Federated Search for Amazon S3 does support FedRAMP Moderate deployments.

Each AWS Glue table that you search must be based on Amazon S3 file objects with the same file type and compression type.

Federated Search for Amazon S3 can search objects only in Amazon S3 buckets that have S3 Standard storage classes. Federated Search for Amazon S3 cannot search objects in Amazon S3 buckets that have alternative storage classes, such as S3 Intelligent-Tiering and S3 Glacier.

Federated Search for Amazon S3 cannot search Amazon S3 buckets that you have configured as Requester pays buckets. See Amazon S3 bucket configuration.

Supported file types and data formats

Federated Search for Amazon S3 supports the following file types and data formats.

  • CSV or CSV-type formats
  • new-line JSON
  • Parquet (version 2.5.0 or higher)
  • ORC
  • Avro
  • XML

For more information about the file types supported by AWS Glue tables, search "Working with tables on the AWS Glue console" in the AWS Glue Developer Guide.

Federated Search for Amazon S3 supports data originating from Splunk Cloud Platform features such as the Edge Processor solution and ingest actions. See Use Edge Processors or Use ingest actions to improve the data input process in Getting Data In.

Federated Search for Amazon S3 does not support data in Dynamic Data Self-Storage (DDSS) format.

For more information about accepted file types and data formats, see Identify the Amazon S3 data that you want to search.

Supported compression types

Federated Search for Amazon S3 supports the following compression types:

  • ZIP, only for archives containing a single object
  • GZIP
  • BZIP2
  • LZ4
  • Snappy, both standard and Hadoop formats

Federated searches of compressed files might take longer to complete than federated searches of uncompressed files.

Supported encryption standards

Federated Search for Amazon S3 supports the following encryption standards.

  • Server-side encryption with Amazon S3-Managed Keys (SSE-S3)
  • Server-side encryption with the AWS Key Management Service (SSE-KMS)

Federated Search for Amazon S3 supports SSE-S3 without any additional setup requirements. For more information, search on "Amazon S3-managed encryption keys" in the Amazon Simple Storage Service User Guide.

Federated Search for Amazon S3 supports only customer-managed SSE-KMS keys. SSE-KMS support requires some setup when you define your federated provider. See Define an Amazon S3 federated provider.

Partitioning

Federated Search for Amazon S3 supports partitioned and unpartitioned datasets. Examples of supported partitioning styles include Apache Hive and non-Apache Hive. Apache Hive partitions are made up of key-value pairs, while non-Apache Hive partitions are only the values.

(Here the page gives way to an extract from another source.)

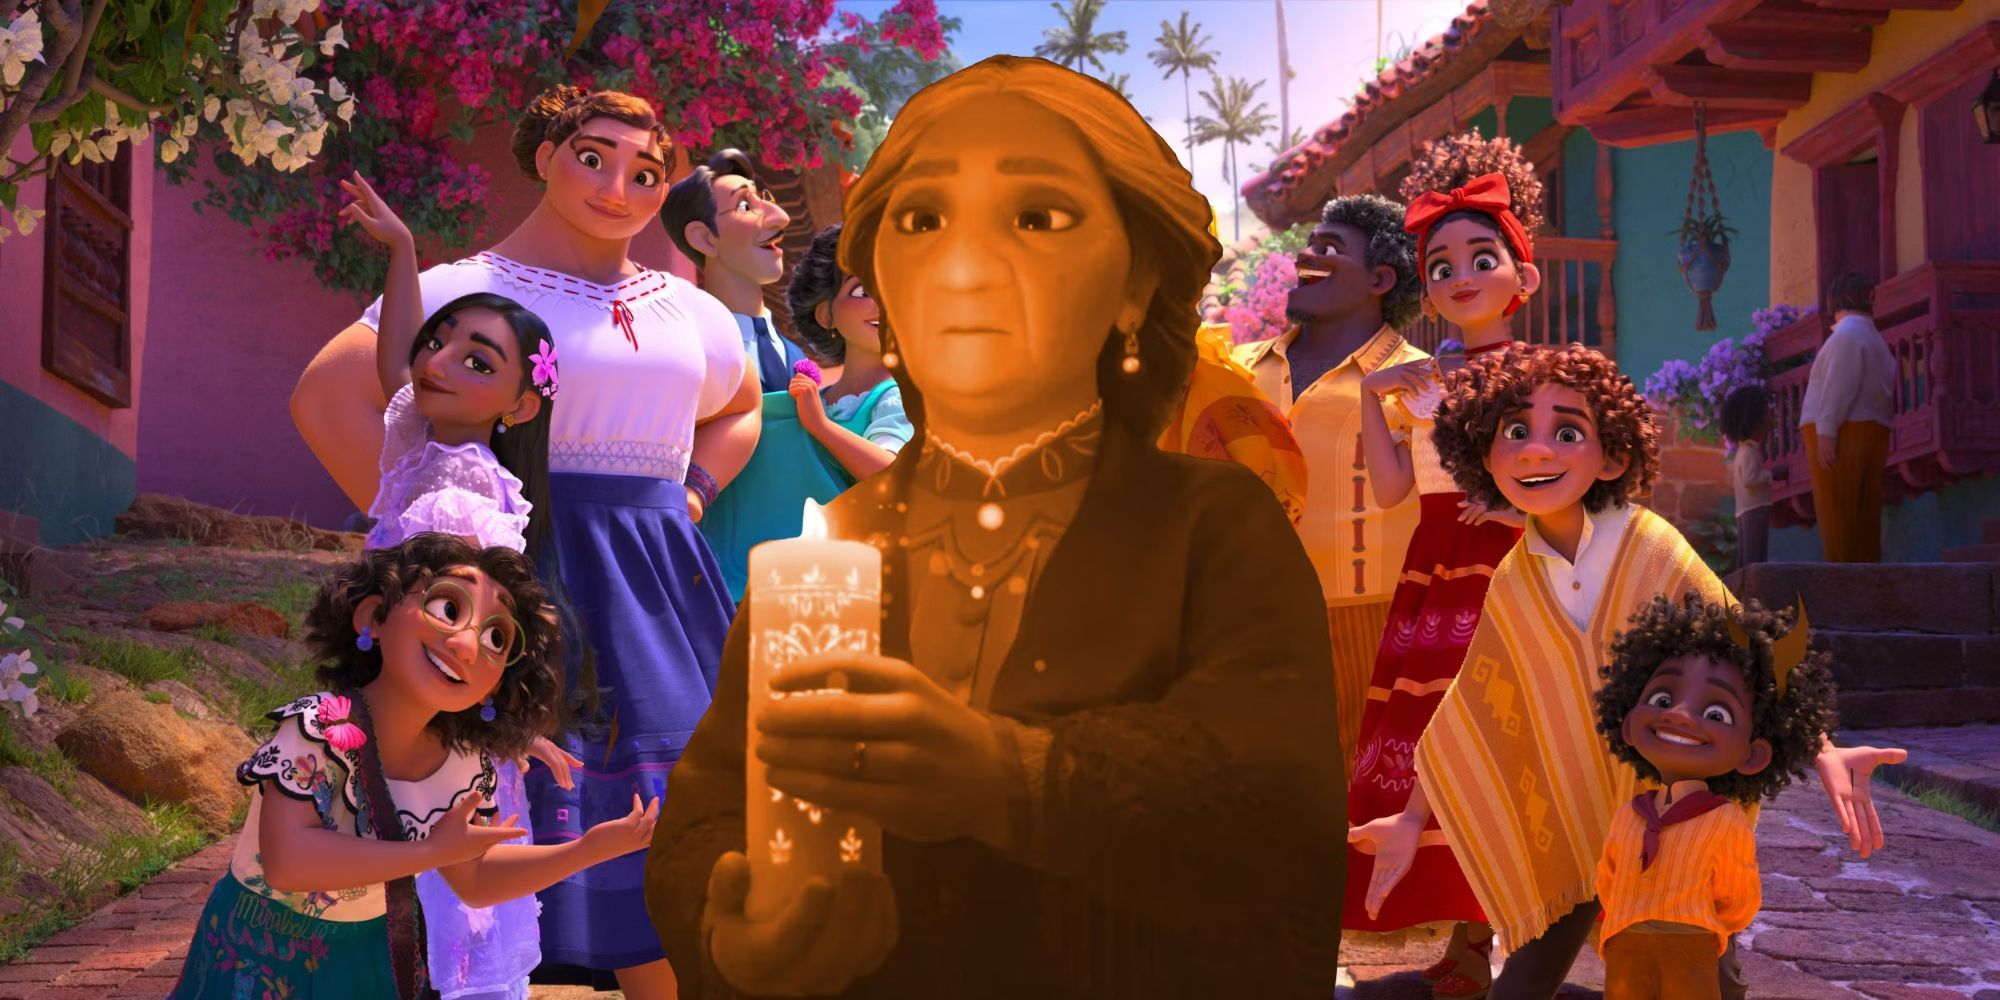 Abuela holding a candle with the Madrigal family in the background in Encanto

Partitioning style Format Example
Apache Hive ./<partition_unit>=<value>/<partition_unit>=<value>/ ./year=2022/month=06/
non-Apache Hive ./<value>/<value>/ ./2022/06/

For more information about creating partitioned AWS Glue tables, search on "AWS Glue tables" in the AWS Glue Developer Guide.

Search processing language (SPL) requirements

Use the sdselect command to search AWS Glue tables.

The sdselect command has features similar to those of the tstats and sort commands. The sdselect command supports filtering, statistical analysis, and group-by clauses.

See sdselect command overview.

What you need to get started

To get started with federated search of Amazon S3 data, you must have the following things:

  • A Splunk Cloud Platform deployment on AWS that has Federated Search for Amazon S3 activated.
  • An AWS account with data in Amazon S3 buckets that conforms to supported file and compression types.
  • One or more AWS Glue tables that reference the data in those Amazon S3 buckets.

If you are new to AWS Glue and do not have AWS Glue tables, don't worry. You can find a list of different ways to create AWS Glue tables based on the data in your Amazon S3 buckets in Create an AWS Glue Data Catalog table.

Activate federated search

To activate Federated Search for Amazon S3 for your Splunk Cloud Platform deployment, contact your Splunk Sales representative. As part of this activation, you acquire a data scan entitlement that is based on the amount of Amazon S3 data, in terabytes, that you are projected to search over the upcoming year. Data scan entitlements are made up of Data Scan Units (DSUs). Each DSU is equivalent to 10 TB of data scanning capabilities.

For more information about DSUs, see Splunk Offerings Purchase Capacity and Limitations.

Monitor your data scan entitlement

You can see what your total data scan entitlement is for your current license term and track how much of that data scan entitlement your Federated Search for Amazon S3 searches have used to date with the Federated Search for Amazon S3 dashboard in the Cloud Monitoring Console. See Use the License Usage dashboards in the Splunk Cloud Platform Admin Manual.

Checklist of tasks to set up Federated Search for Amazon S3

Use this checklist to guide you through the cross-account setup of Federated Search for Amazon S3.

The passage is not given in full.